What is needed → Omit every picture, then return the listing verbatim.

Given material →
▬▬▬▬▬▬

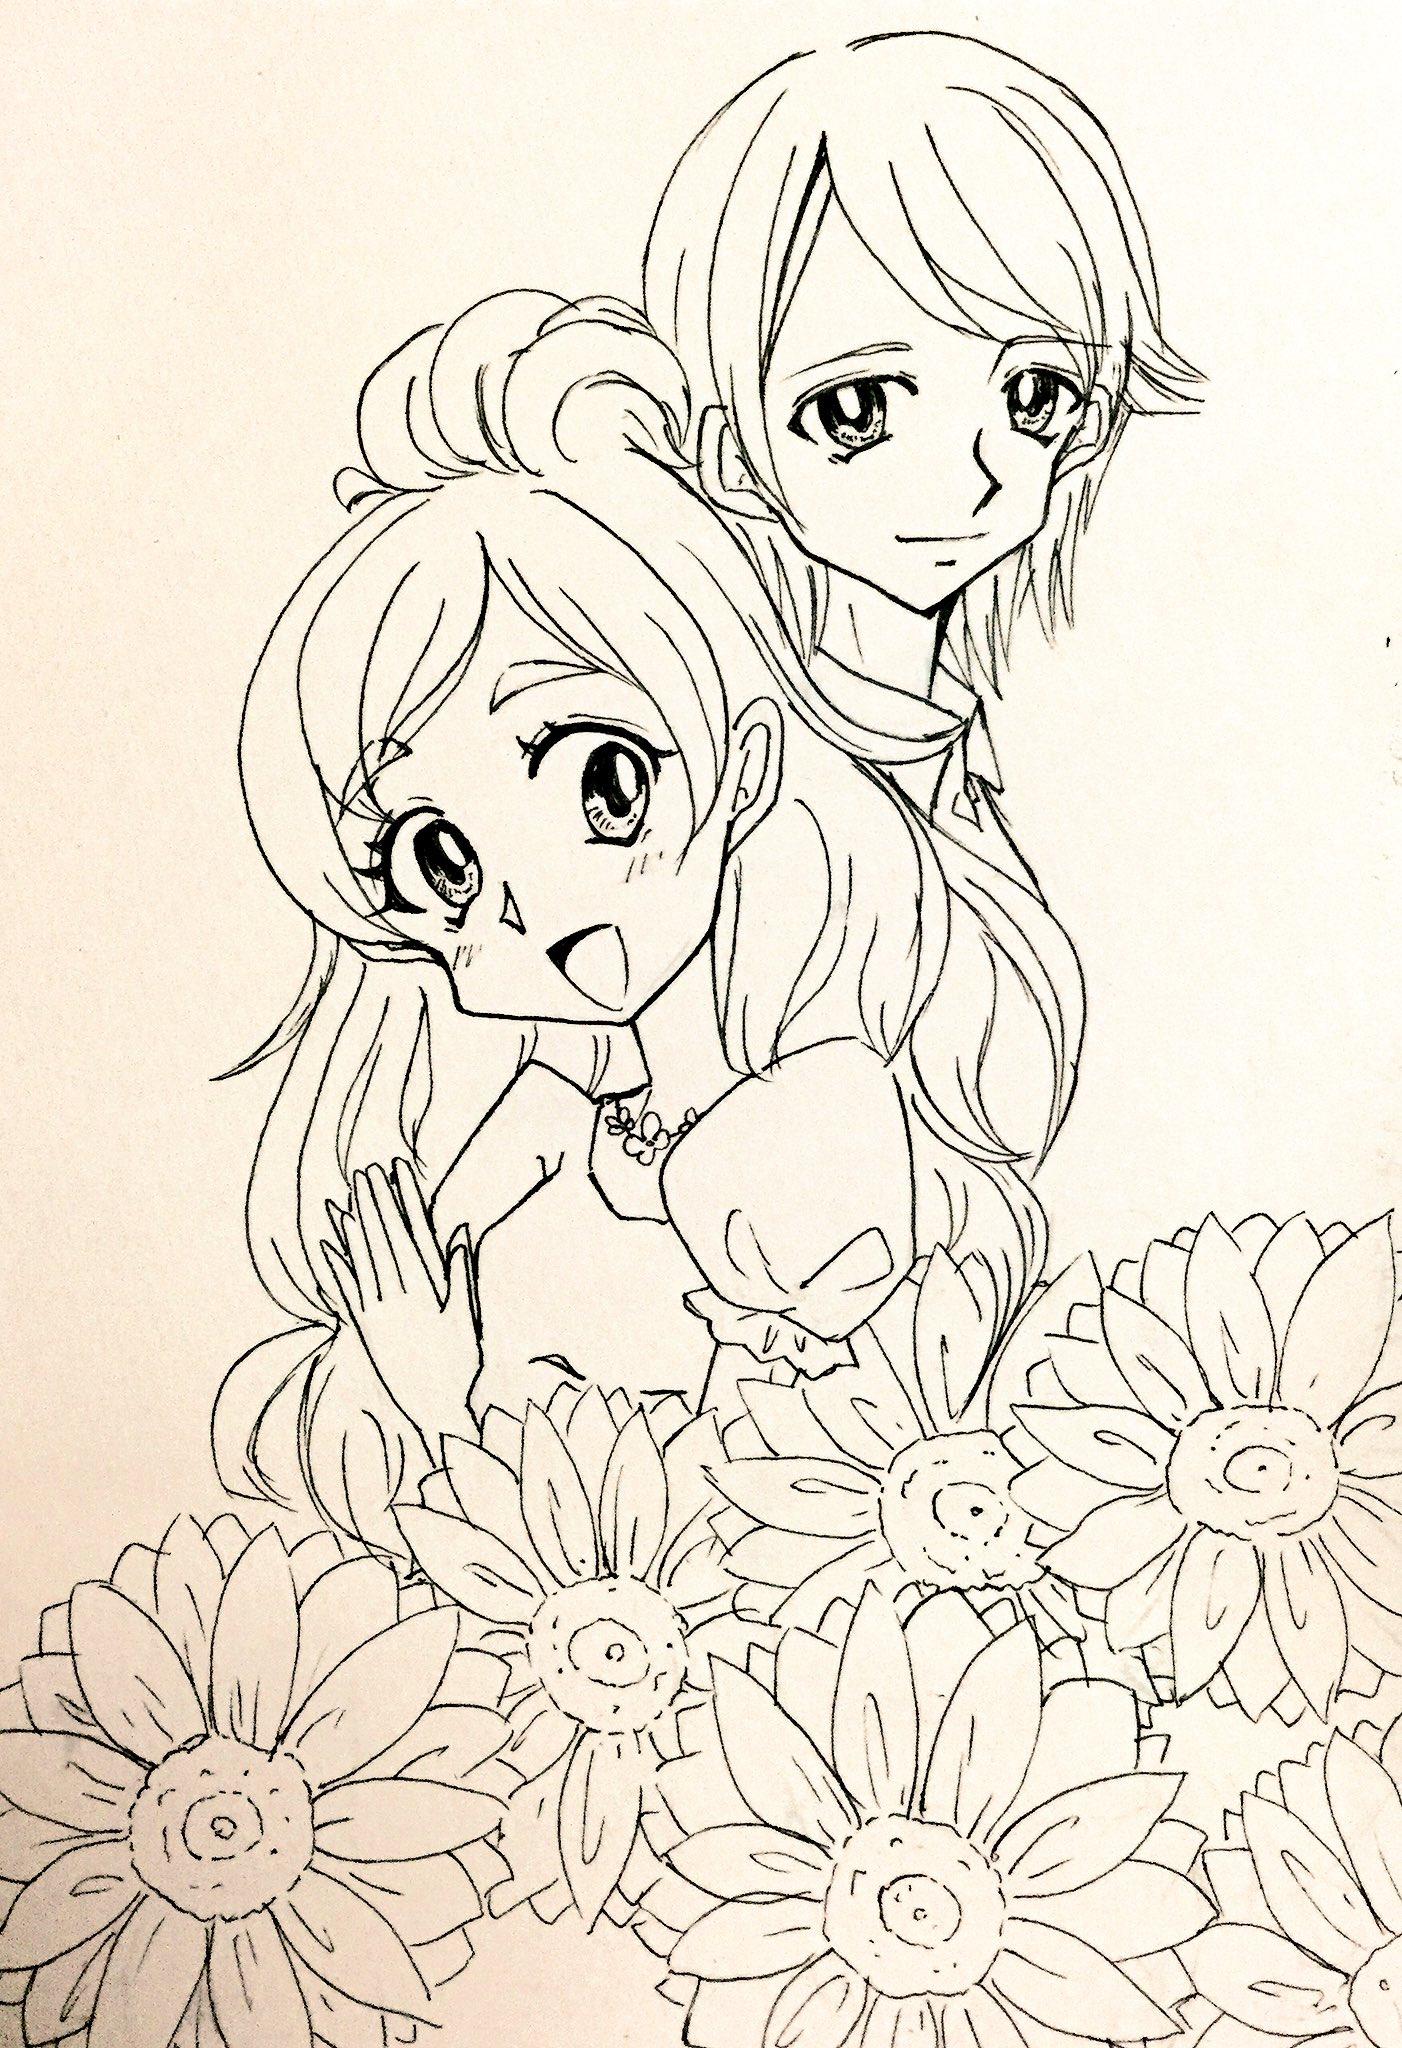 ごんごん@あきらさん愛してる (@gongon_0607)さんのイラスト
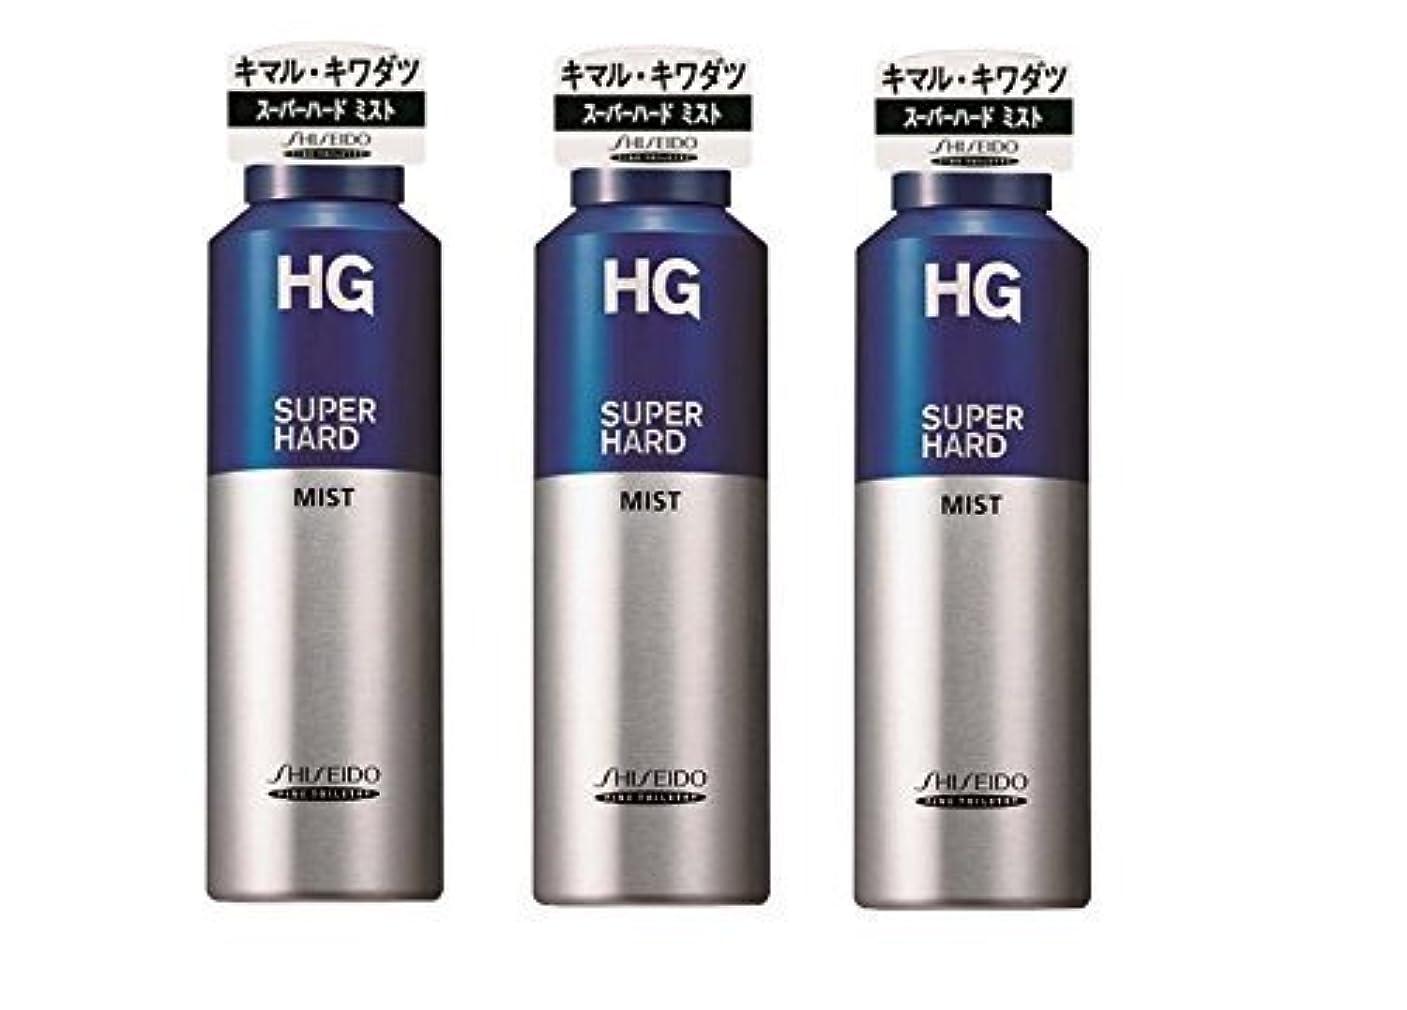 めまいがテレビネット【まとめ買い】HG スーパーハード ミスト 150g×3個
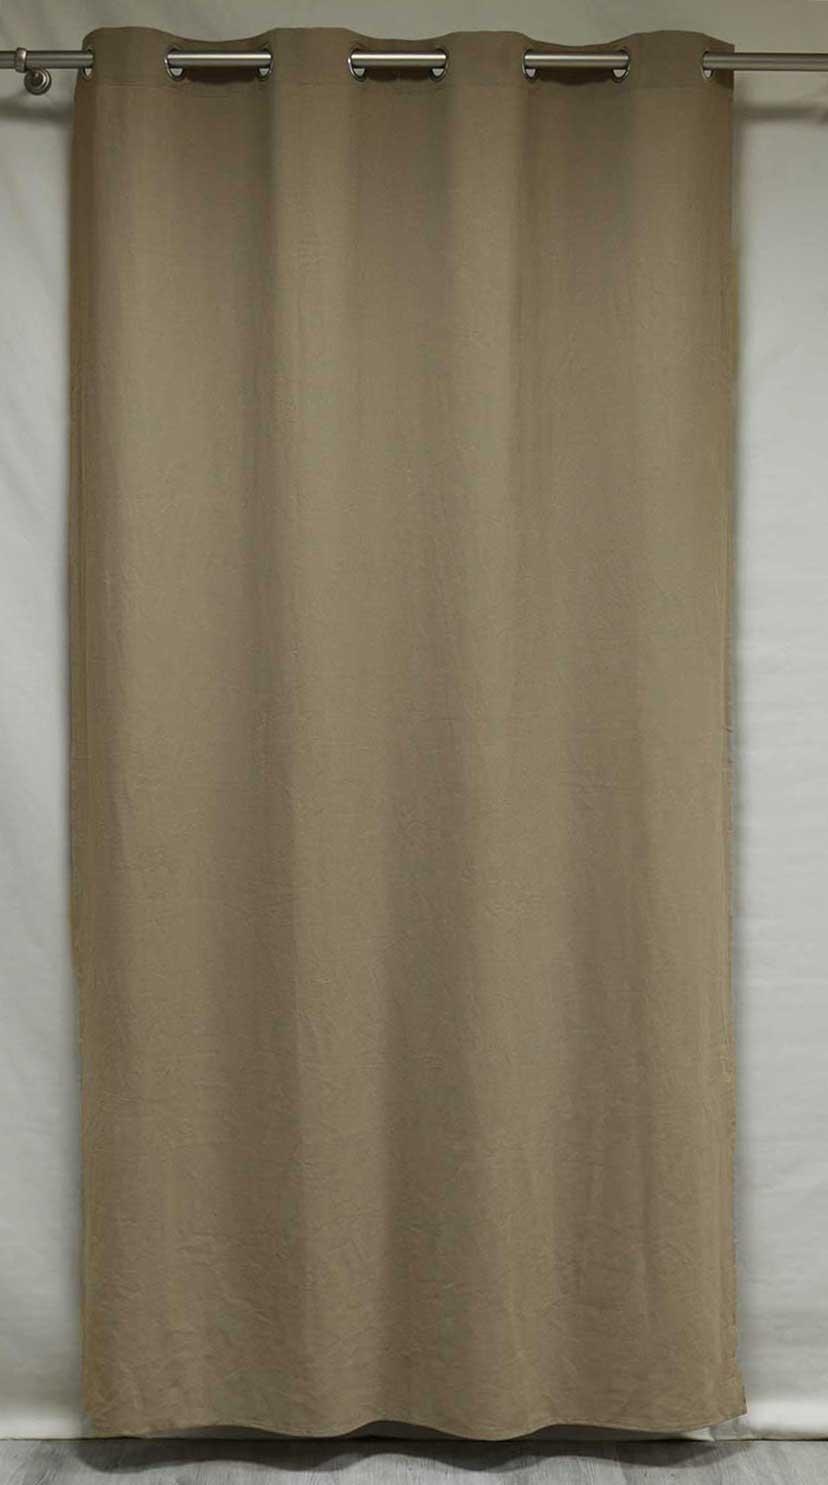 rideau uni en 100 lin epais paille ch ne blanc ivoire homemaison vente en ligne. Black Bedroom Furniture Sets. Home Design Ideas

▬▬▬▬▬▬

Task response →
 ごんごん@あきらさん愛してる (@gongon_0607)さんのイラスト
 めまいがテレビネット【まとめ買い】HG スーパーハード ミスト 150g×3個
 rideau uni en 100 lin epais paille ch ne blanc ivoire homemaison vente en ligne. Black Bedroom Furniture Sets. Home Design Ideas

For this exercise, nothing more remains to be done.